What is the Hugging Face hub

The Hugging Face Hub is a model and dataset sharing platform which is widely used in the AI community. It allows to freely upload, share and download models and datasets, directly in your code in a very convenient way. Its interactions rely on an open-source Python package named huggingface_hub. As it works seamlessly in the Hugging Face ecosystem, especially the Transformers or Diffusers libraries, it stood out and became one of the preferred way to openly share and download models.

Now when downloading a Transformer model, you will need to also download its associated tokenizer to be able to “dialog” with it. Likewise, if you want to share one of your models, you will need to share its tokenizer too for people to be able to use it. MidiTok allows you to push and download tokenizers in similar way to what is done in the Hugging Face Transformers library.

How MidiTok interoperates with the hub

Internally, MidiTok relies on the huggingface_hub.ModelHubMixin component. It implements the same methods commonly used in the Hugging Face ecosystem. Note that:

miditok.MusicTokenizer.from_pretrained(pretrained_model_name_or_path: str | Path, *, force_download: bool = False, token: bool | str | None = None, cache_dir: str | Path | None = None, local_files_only: bool = False, revision: str | None = None, **model_kwargs) T

Download a model from the Huggingface Hub and instantiate it.

Args:
pretrained_model_name_or_path (str, Path):
  • Either the model_id (string) of a model hosted on the Hub, e.g. bigscience/bloom.

  • Or a path to a directory containing model weights saved using

    [~transformers.PreTrainedModel.save_pretrained], e.g., ../path/to/my_model_directory/.

revision (str, optional):

Revision of the model on the Hub. Can be a branch name, a git tag or any commit id. Defaults to the latest commit on main branch.

force_download (bool, optional, defaults to False):

Whether to force (re-)downloading the model weights and configuration files from the Hub, overriding the existing cache.

token (str or bool, optional):

The token to use as HTTP bearer authorization for remote files. By default, it will use the token cached when running hf auth login.

cache_dir (str, Path, optional):

Path to the folder where cached files are stored.

local_files_only (bool, optional, defaults to False):

If True, avoid downloading the file and return the path to the local cached file if it exists.

model_kwargs (dict, optional):

Additional kwargs to pass to the model during initialization.

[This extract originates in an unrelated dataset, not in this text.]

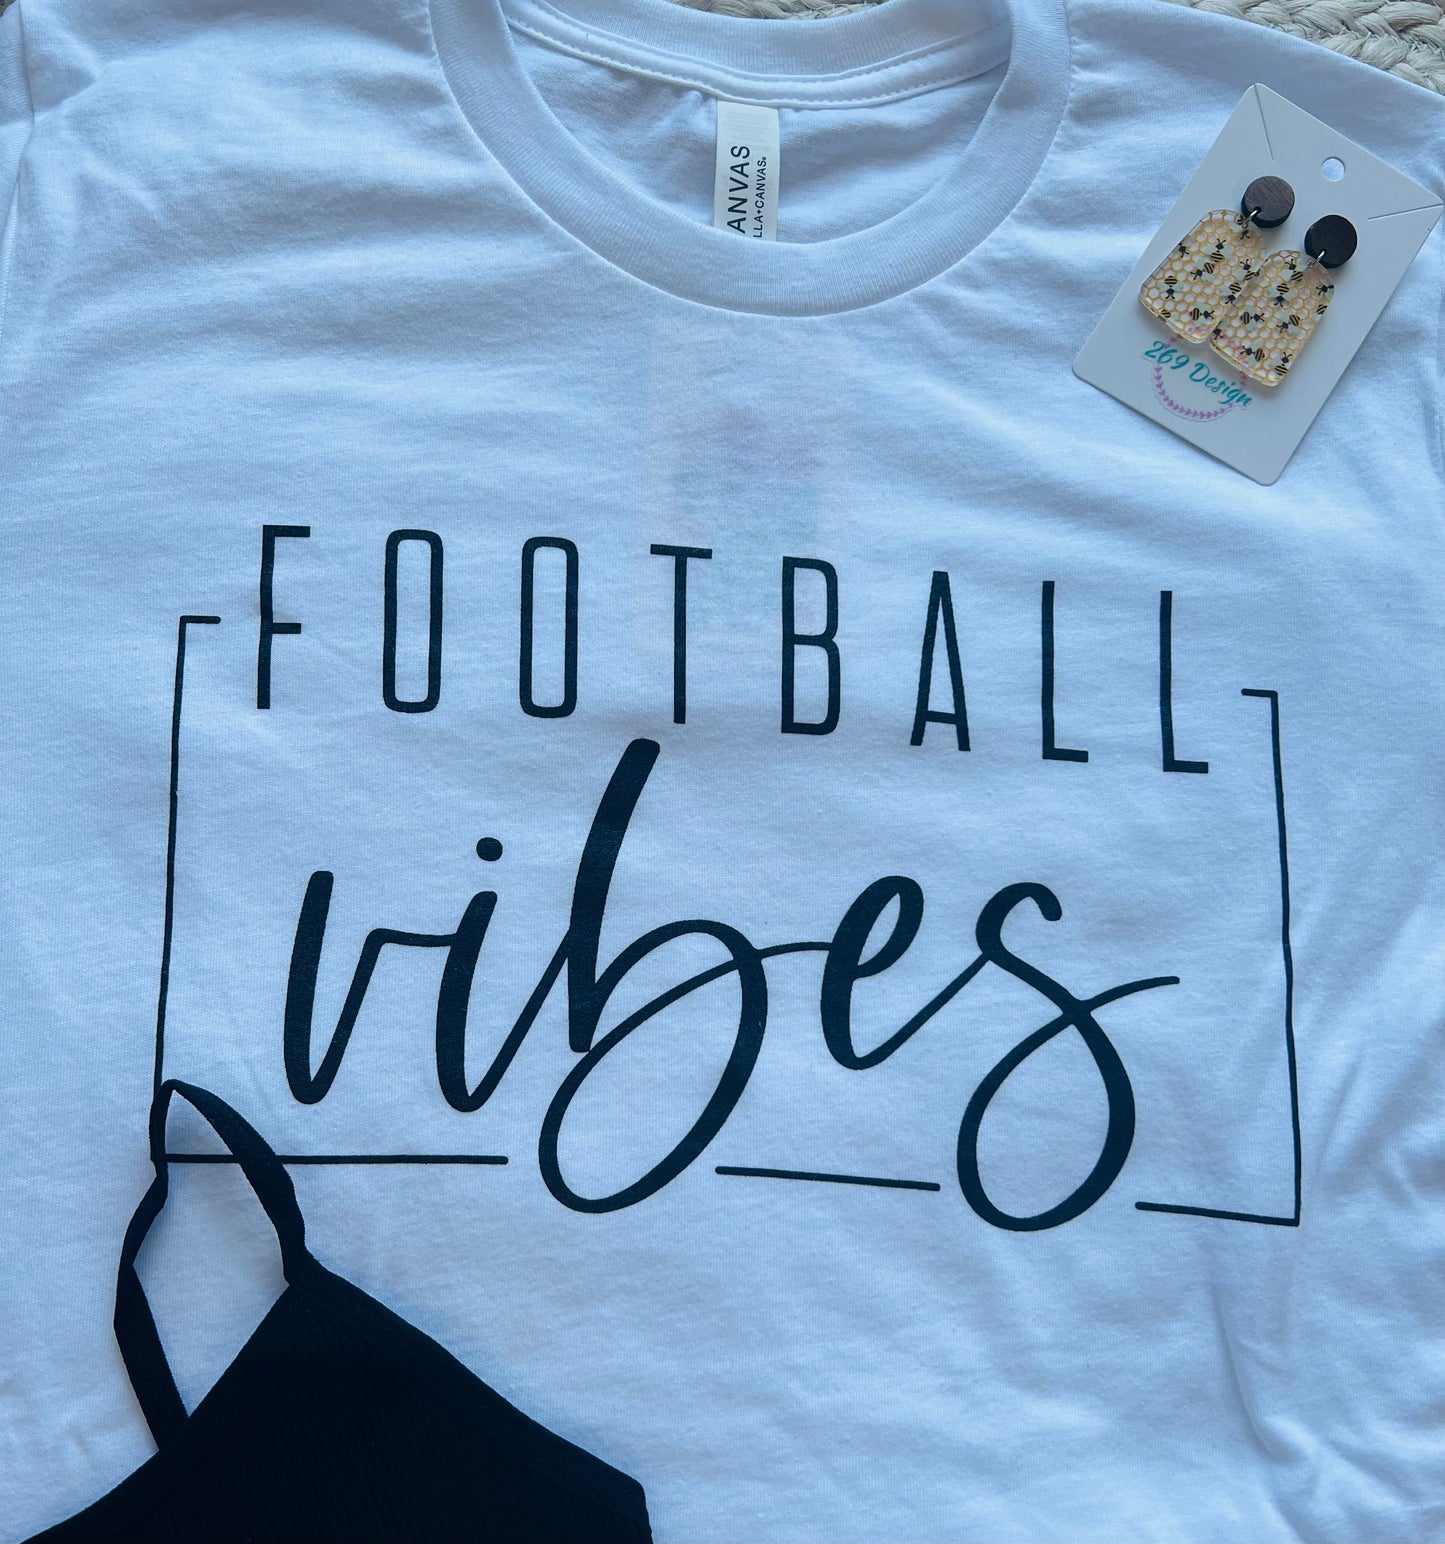 Football Vibes Graphic Tee (S-L)

miditok.MusicTokenizer.save_pretrained(self, save_directory: str | Path, *, repo_id: str | None = None, push_to_hub: bool = False, **push_to_hub_kwargs) str | None

Save the tokenizer in local a directory.

Overridden from huggingface_hub.ModelHubMixin. Since v0.21 this method will automatically save self.config on after calling self._save_pretrained, which is unnecessary in our case.

Parameters:
  • save_directory – Path to directory in which the model weights and configuration will be saved.

  • push_to_hub – Whether to push your model to the Huggingface Hub after saving it.

  • repo_id – ID of your repository on the Hub. Used only if push_to_hub=True. Will default to the folder name if not provided.

  • push_to_hub_kwargs – Additional key word arguments passed along to the [~ModelHubMixin.push_to_hub] method.

miditok.MusicTokenizer.push_to_hub(self, repo_id: str, *, config: dict | DataclassInstance | None = None, commit_message: str = 'Push model using huggingface_hub.', private: bool | None = None, token: str | None = None, branch: str | None = None, create_pr: bool | None = None, allow_patterns: str | list[str] | None = None, ignore_patterns: str | list[str] | None = None, delete_patterns: str | list[str] | None = None, model_card_kwargs: dict[str, Any] | None = None) str

Upload model checkpoint to the Hub.

Use allow_patterns and ignore_patterns to precisely filter which files should be pushed to the hub. Use delete_patterns to delete existing remote files in the same commit. See [upload_folder] reference for more details.

Args:
repo_id (str):

ID of the repository to push to (example: “username/my-model”).

config (dict or DataclassInstance, optional):

Model configuration specified as a key/value dictionary or a dataclass instance.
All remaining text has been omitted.